**YOUR TASK:** From the listing below, copy only the lines from the line that contains "Surprise Movie 5/8 : les indices" to the line that contains "Carflet Rent a", counting those two lines as part of the copy.

-------- RECORDS --------

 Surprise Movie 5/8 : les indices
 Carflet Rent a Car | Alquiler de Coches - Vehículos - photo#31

--------
-------- RECORDS --------

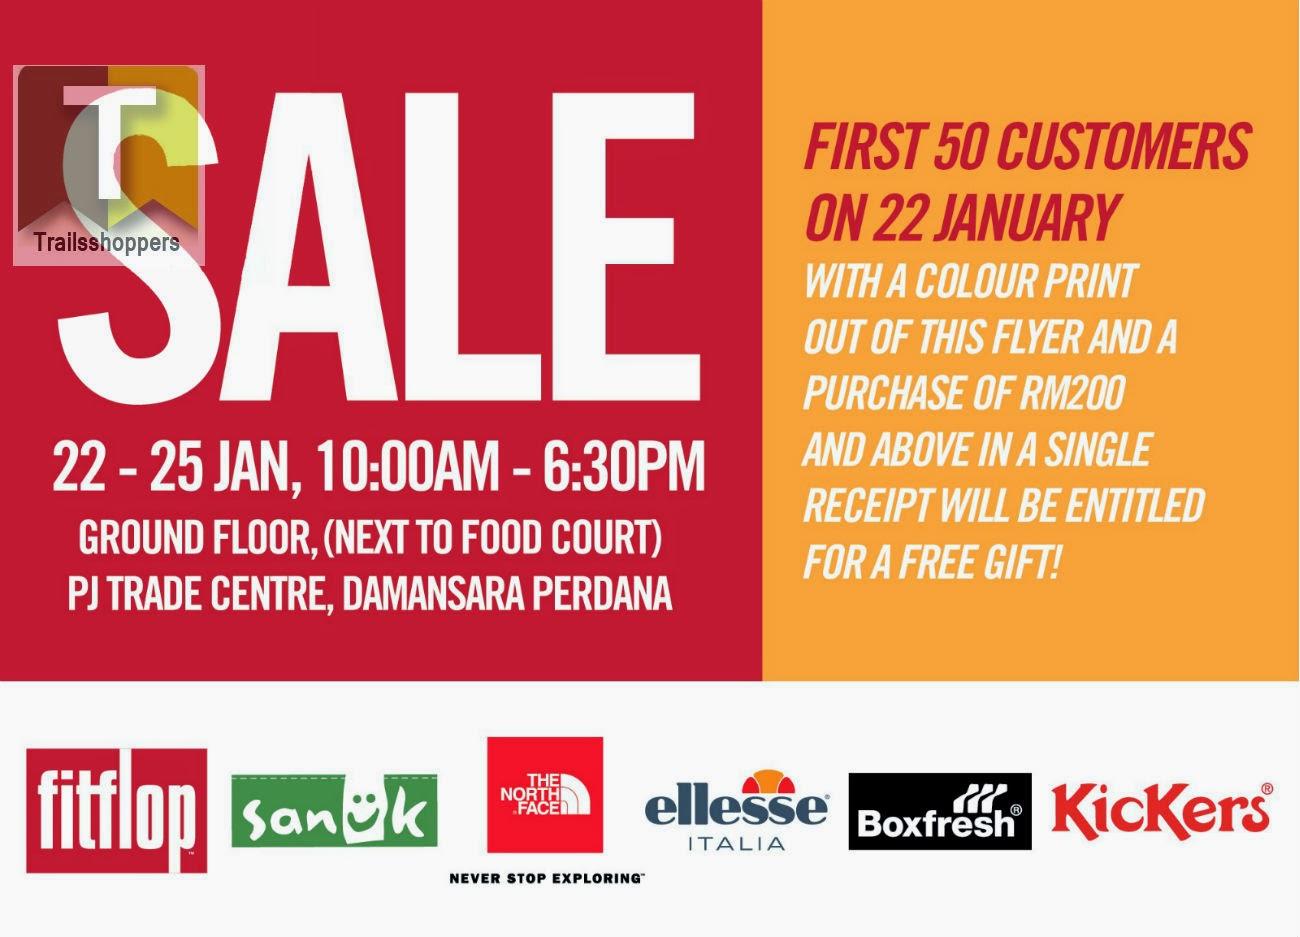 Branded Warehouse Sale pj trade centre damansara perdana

--------
-------- RECORDS --------

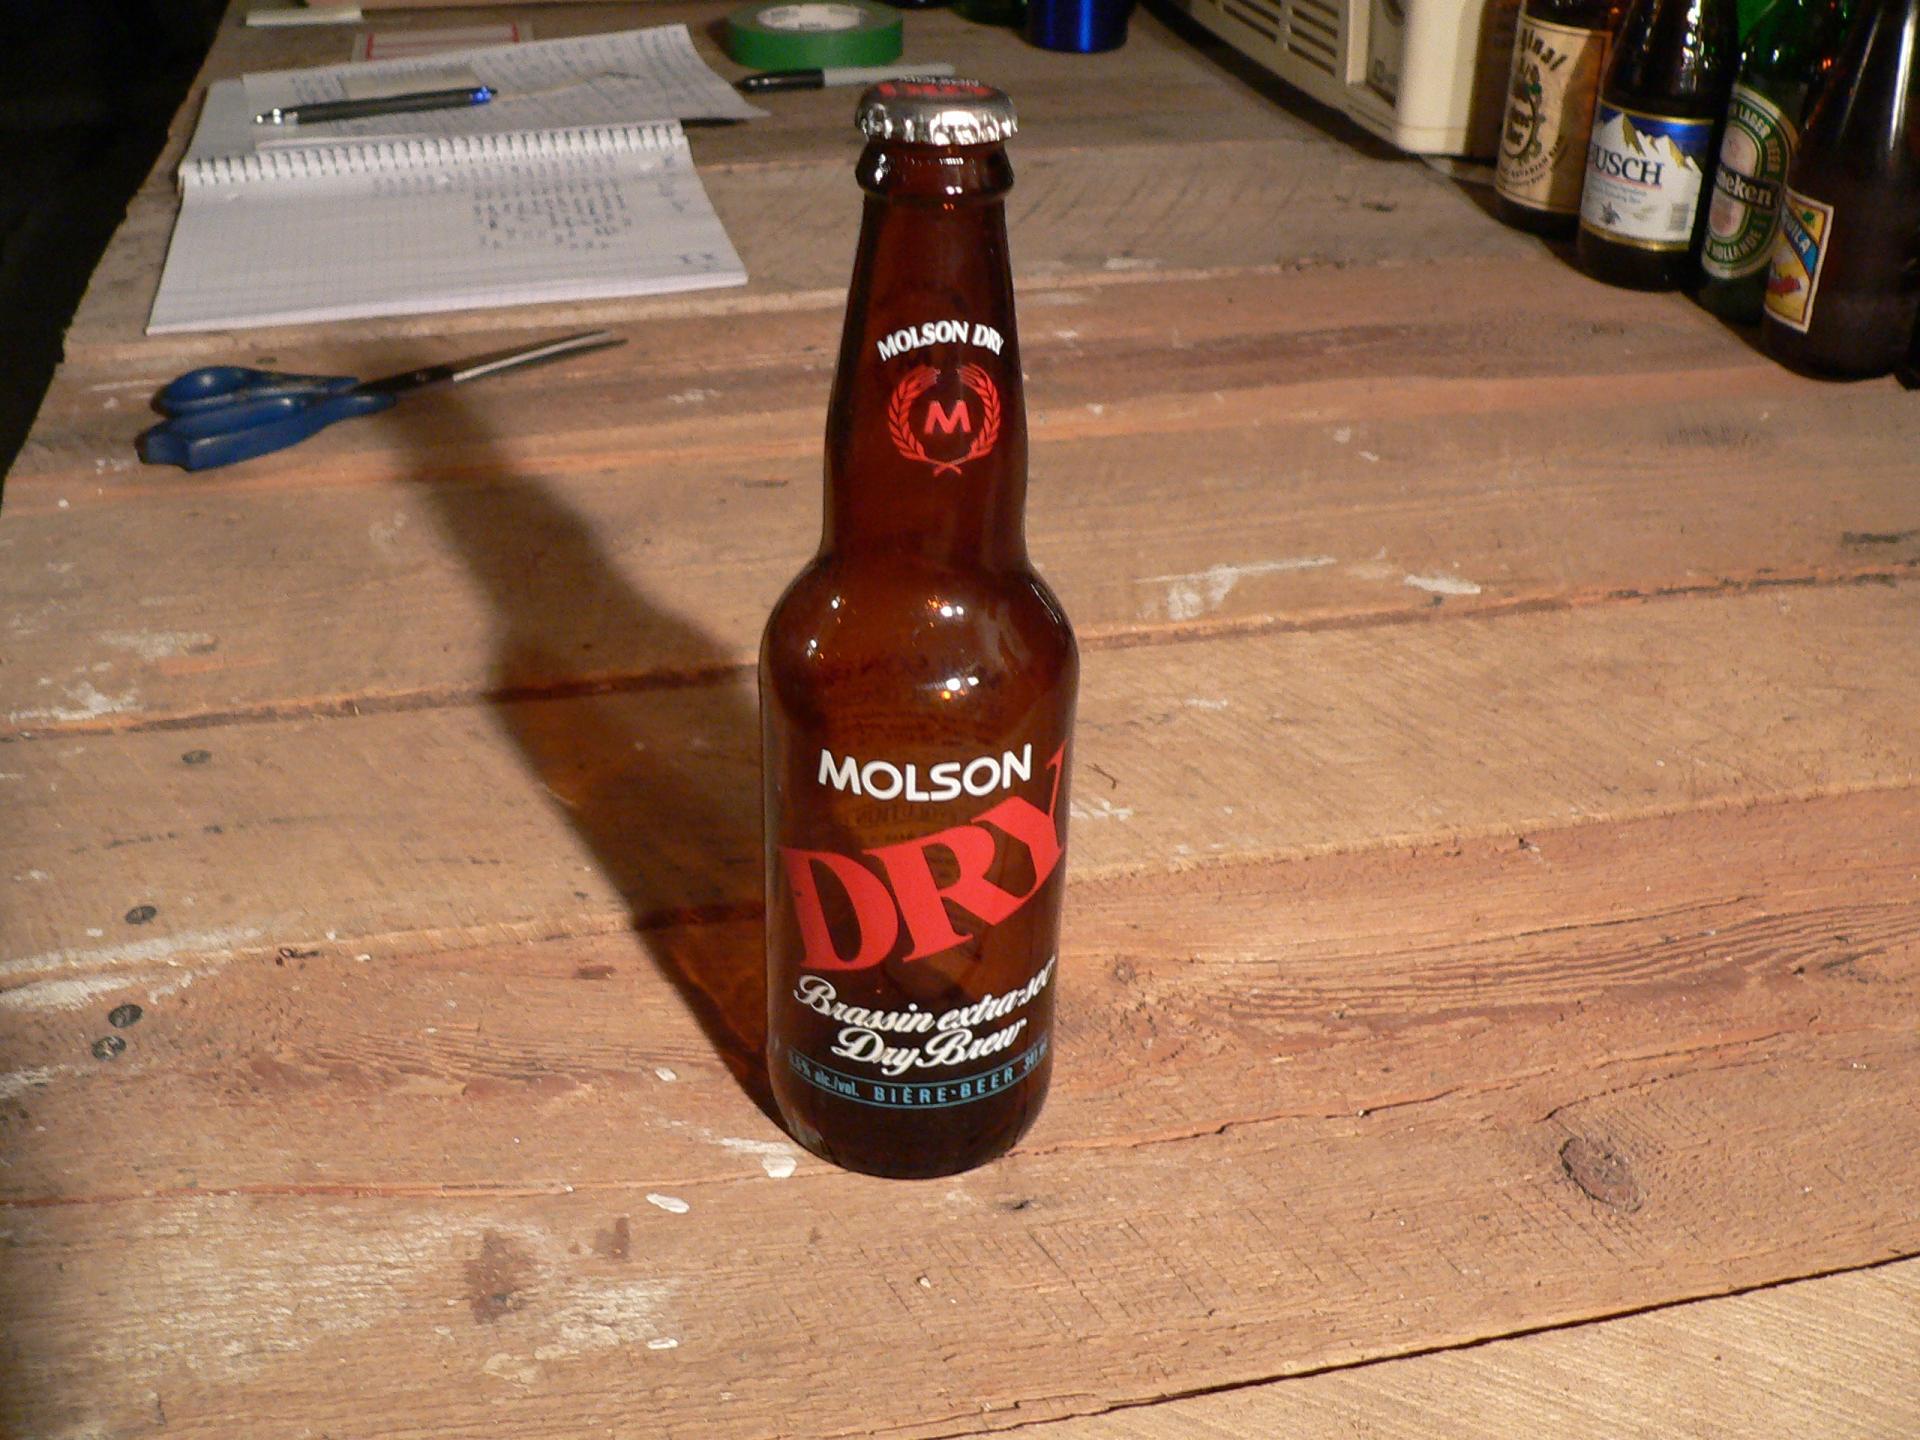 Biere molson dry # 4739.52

--------

**ANSWER SPACE:**
 Surprise Movie 5/8 : les indices
 Carflet Rent a Car | Alquiler de Coches - Vehículos - photo#31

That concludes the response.